Over the years in the real estate industry, I've noticed one phenomenon, i.e. many people tend to seek service from a registered estate agent (REA) without knowing exactly what they want! Here's a simple guide or questions rather, that can help you to determine what you want before looking for a REA, hence making things easier for a REA to work on your instruction more precisely.

Qualifying process:

(1) What is the purpose of this instruction?
- Investment
Then you are looking at tenanted properties, giving you consistent rental income with possible growth in capital value.

- Owner-occupier
Then you are looking for properties that can deliver vacant possession, i.e. that even if it's tenanted at the time of buying, but the tenancy can be terminated, giving back to you the right to use the property at a timely manner.

(2) Budget
What's the initial outlay and installment that you can afford? For a residential property, you should be prepare minimum 15% for the house price as initial outlay, i.e. 10% for the downpayment, balance 5% for the incidental costs such as legal fees and stamping. The monthly installment figure should not be more than 30% of your monthly net disposable income. Net disposable income is the balance sum of your monthly gross income less monthly commitment with financial institution, such as car loan or other mortgages.

For example,
Gross Monthly salary = RM5000
Car Installment = RM1000
First house Installment = RM1000

Then your net disposable income is equals to :
RM5000 - (RM1000 + RM1000) = RM3000

Monthly installment that you can afford now = 30% @ RM3000 = RM1000

Based on the above calculation, your loan approval should be hassle free, provided you are not blacklisted under CTOS or CCRIS. This is how the banks look at your financial standing as to how much you can afford to pay monthly.
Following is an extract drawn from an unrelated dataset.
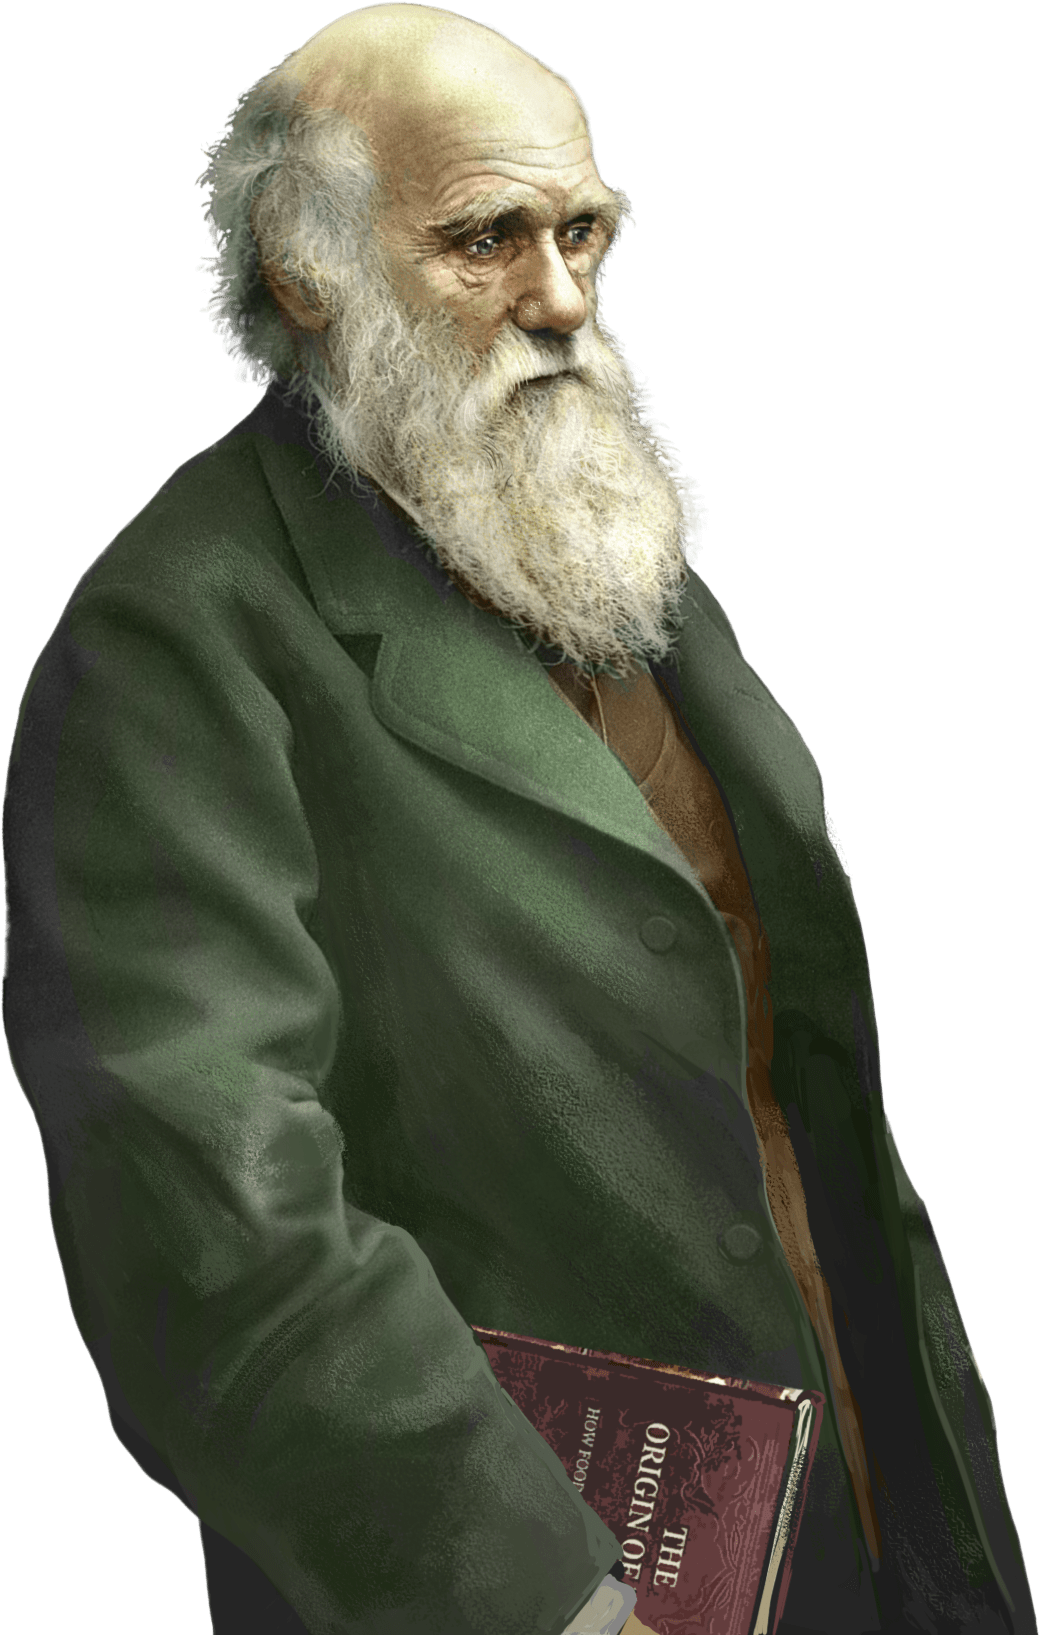 Дарвин портрет. Дж дарвин

(3) Buying a house for owner-occupier purpose
After decided your budget, few things you need to determine here:
- Location
- Landed or highrise
- Number of rooms
- Prefer house with renovation or without
- Value added features such as gated and guarded
- Orientation , if that's of importance to you

By now, you should be able to know clearly what sort of house that you are looking for. The REA can now work effectively as per your instruction.

Wednesday, August 1, 2007

Real Estate Tips #17: What are the types of agency you may come across with Registered Estate Agent?

There are few types of agency as noted under the Malaysian Estate Agent Standard :

(1) EXCLUSIVE AGENCY - This refers to the instruction from a client to a single registered estate agent to act on his behalf. The client may make introduction but will leave the closing of the transaction to the registered estate agent. The principal must pay the appointed estate agent the agreed fee even if the estate agent was not the effective cause of the transaction.

(2) SOLE AGENCY - Just as in exclusive agency, a single registered estate agent is engaged. The client may, however, wish to reserve the right to close deals in addition to making introduction and the client may plays an active role. The principal must pay the appointed estate agent the agreed fee.

(3) SOLE JOINT AGENCY - This is a variation of the Sole Agency. The registered estate agent works together with the client as a team and the fee is divided on a pre-agreed formula. The client has the flexibility to compensate additional registered estate agents and at the same time maintain the advantage of having one registered estate agent in control.

(4) JOINT AGENCY - This is where more than one registered estate agent is appointed and only the registered estate agent who closes the deals gets paid. The number of agents appointed is limited and each is aware of the appointment of the others.

(5) AD HOC BASIS OR COMMONLY REFERRED TO AS OPEN LISTING - In this case, the principal can engage an unlimited number of estate agents on an ad-hoc basis and fees are paid only on successful conclusion of the estate agency transaction.

If you ask me from the perspective of a registered estate agent, they will definitely opt for Exclusive Listings. Very often, how much effort an agent will put in one particular listing for sale, is very much dependable on the types of agency he's getting. The higher the hierarchy, the harder he will try to dispose the property for you in the shortest time possible.